_RECORDS FOR PROCESSING_
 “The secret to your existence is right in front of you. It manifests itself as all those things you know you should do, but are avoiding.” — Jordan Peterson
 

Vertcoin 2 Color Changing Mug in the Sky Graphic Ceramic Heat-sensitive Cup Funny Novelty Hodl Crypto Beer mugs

--

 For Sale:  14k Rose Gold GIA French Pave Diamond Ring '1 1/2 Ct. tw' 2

_INSTRUCTIONS TO FOLLOW_
Please output exactly the lines between the one holding "secret to your" and the one holding "Vertcoin 2 Color" in the records above, inclusive, and nothing more.

_WORKED SOLUTION_
 “The secret to your existence is right in front of you. It manifests itself as all those things you know you should do, but are avoiding.” — Jordan Peterson
 

Vertcoin 2 Color Changing Mug in the Sky Graphic Ceramic Heat-sensitive Cup Funny Novelty Hodl Crypto Beer mugs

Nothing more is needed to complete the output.